Mthethwa's trial was postponed again on 1 June 2015. The postponement was approved so additional evidence could be collected. Apparently, Mthethwa's lawyer William Booth had trouble gaining access to private properties to gather verbal evidence. The trial continued on 2 June 2015. Mthethwa plead not guilty, and the court was set to continue on 8 June 2015.

According to Ashley Furlong, as of 3 February 2016, Mthethwa's case was again delayed. Furlong stated, "The reason for [the] delay was twofold—the Shona interpreter for a Zimbabwean man who was set to take the stand was very sick, and there was a need to compile a 'working document' of the papers that forensic pathologist Dr Linda Liebenberg might refer to."

As of 16 March 2017 (almost 4 years after Nokuphila Kumalo's murder and 3 years since the beginning of the trial), Mthethwa was found guilty of murder. "According to ArtThrob, who reported from inside the courtroom, Mthethwa's bail has been withdrawn. His sentencing will be delivered on March 29, 2017... The verdict was met with jubilation, on site and on social media channels. Outside the courthouse, activists from Sex Workers Education and Advocacy Taskforce (SWEAT) and Sonke Gender Justice were celebrating the guilty verdict."

On 29 March 2017, he requested bail. According to Jenna Ethridge, Mthethwa requested bail to be with his family and make arrangements for his art. She went on to state, "Mthethwa wanted to personally inform his 15-year-old daughter in England of his conviction. He [also intends] to sort out her tertiary education and funding for the next few years... The court [will] rule on Mthethwa's bail on Friday [31 March 2017]. Sentencing arguments [were] postponed until April 20." As expected, Mthethwa's bail was denied on 31 March 2017. Yet another delay, as of 20 April 2017, Mthethwa's sentencing was postponed by Judge Patricia Goliath until 24 May 2017.

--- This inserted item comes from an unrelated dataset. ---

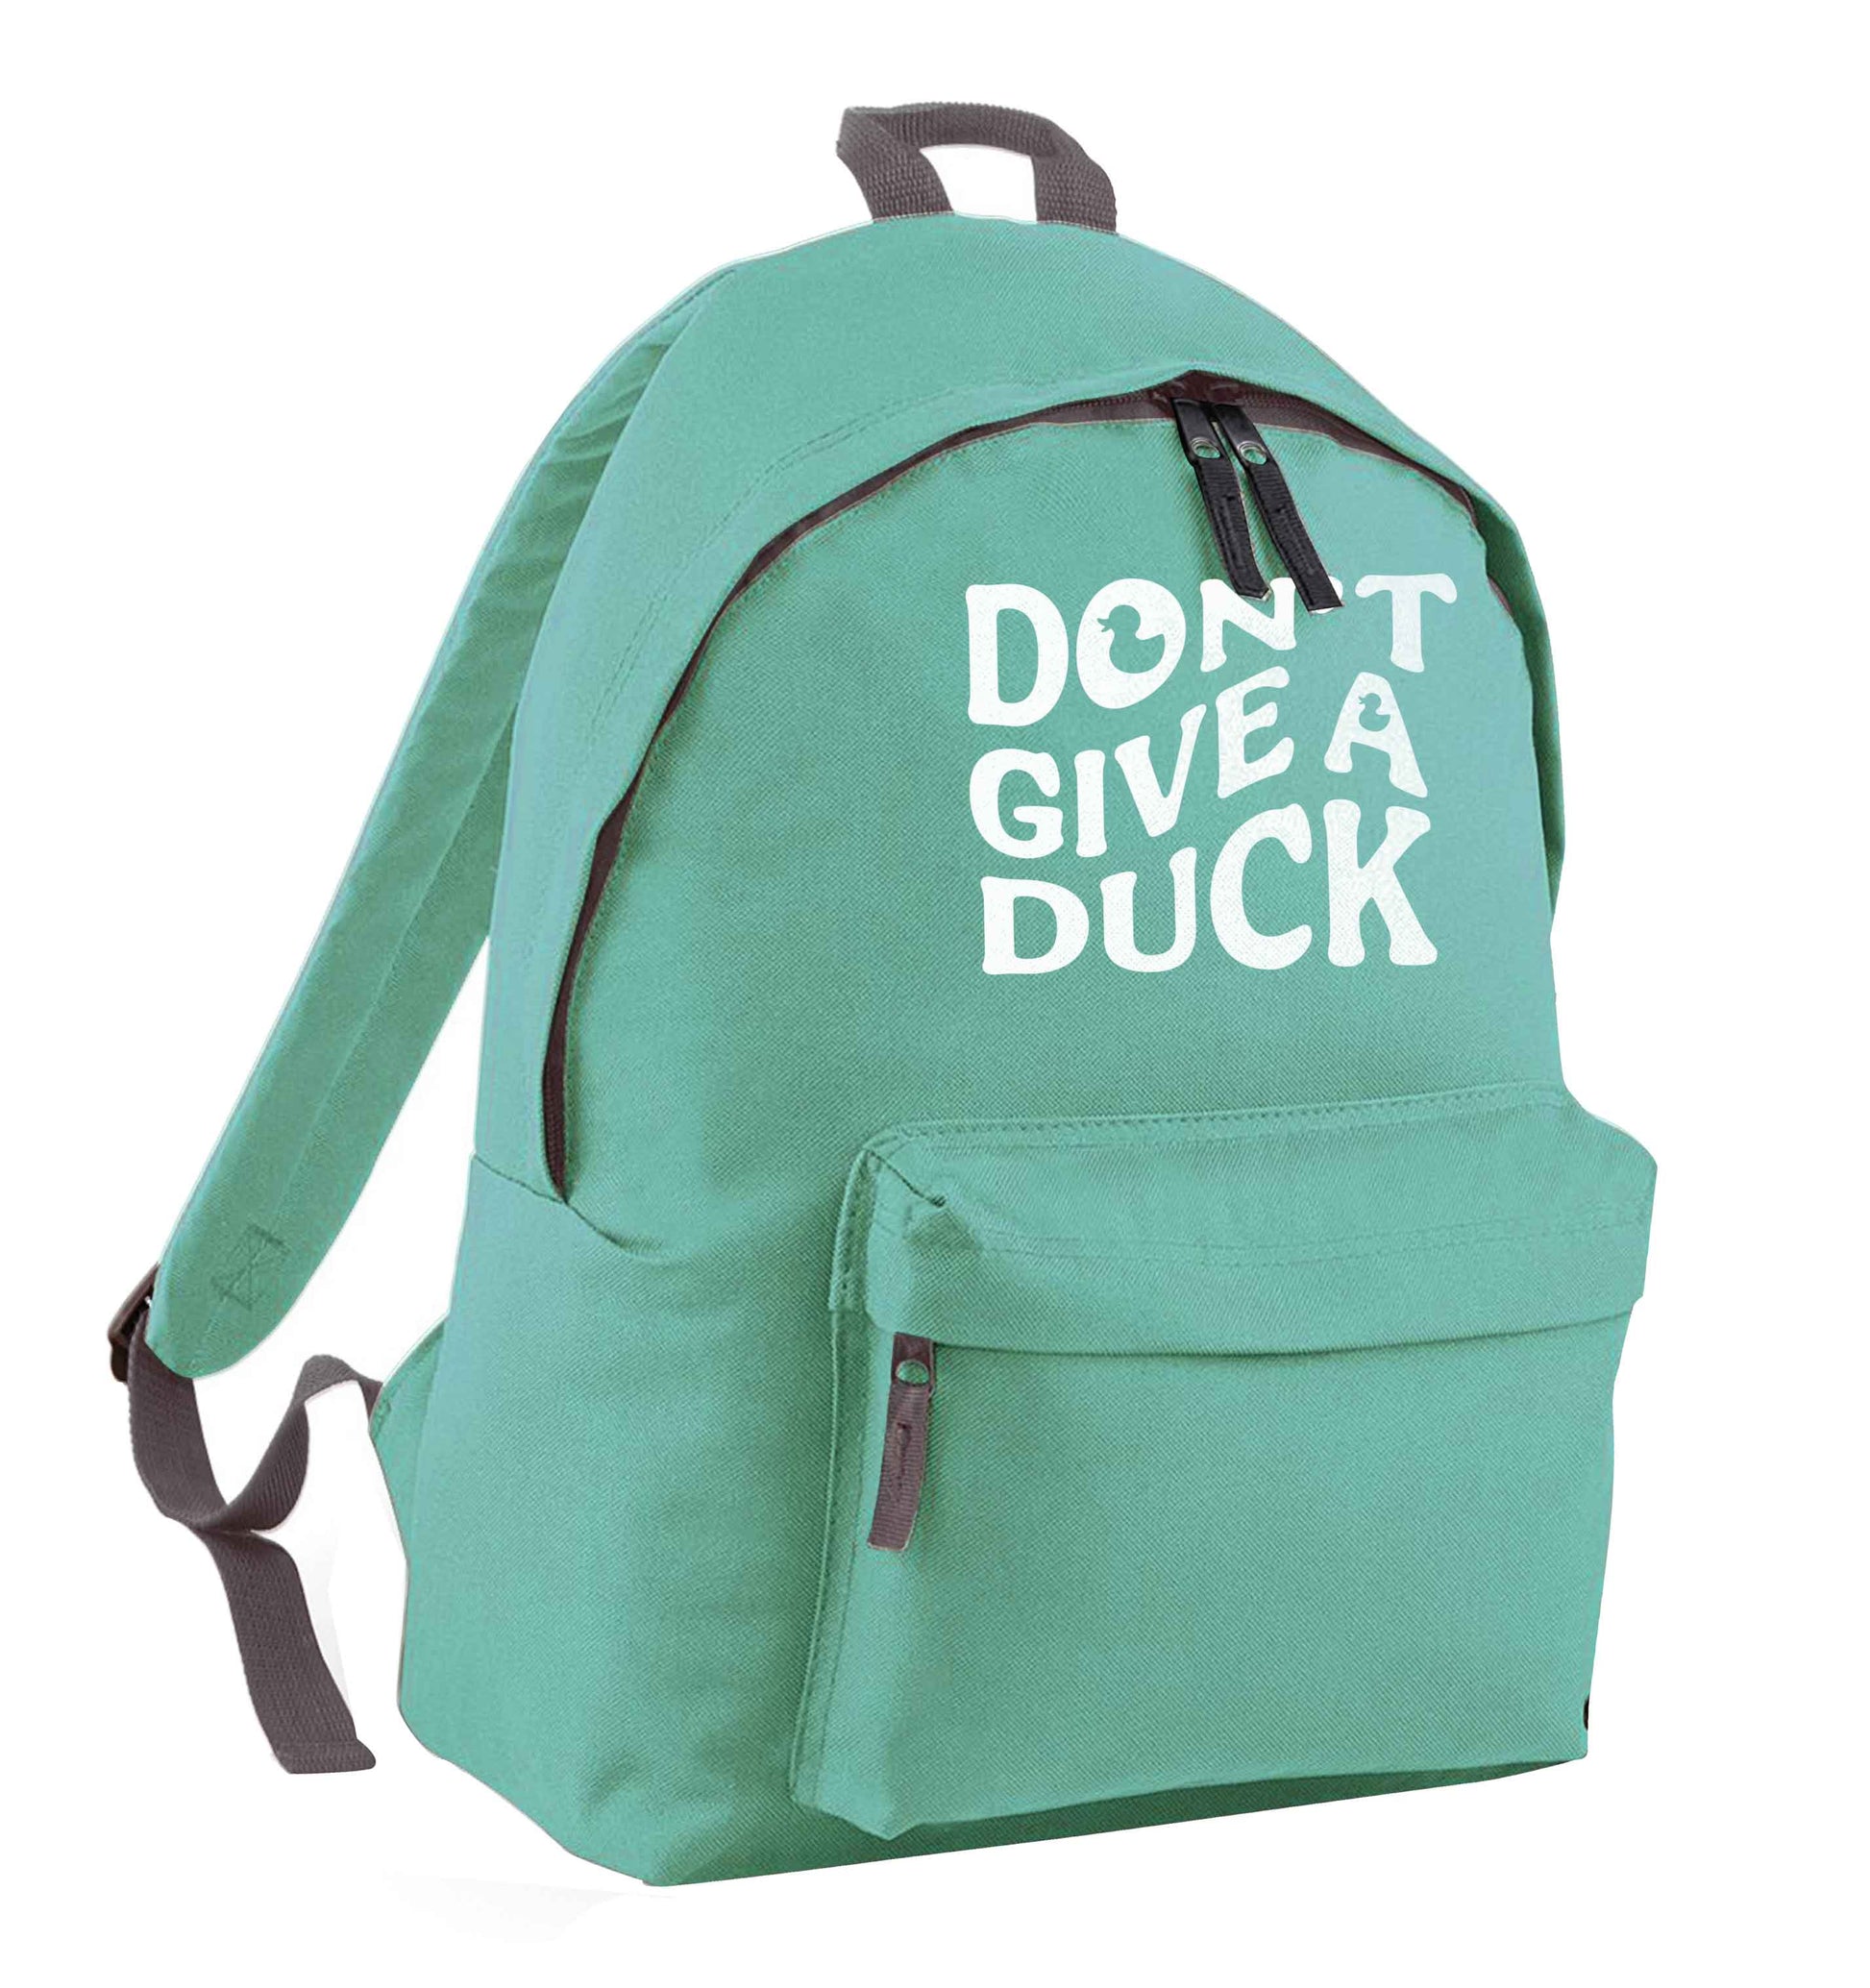 Don't give a duck mint adults backpack

Sentencing proceedings were slated to resume on Wednesday 31 May 2017 at 9 am. On 7 June 2017 he was sentenced to 18 years imprisonment for the murder of Nokuphiwa Kumalo. As stated in the Daily Maverick, "The accused's standing as an international acclaimed artist does not earn him a special sentence," said Western Cape High Court Judge Patricia Goliath.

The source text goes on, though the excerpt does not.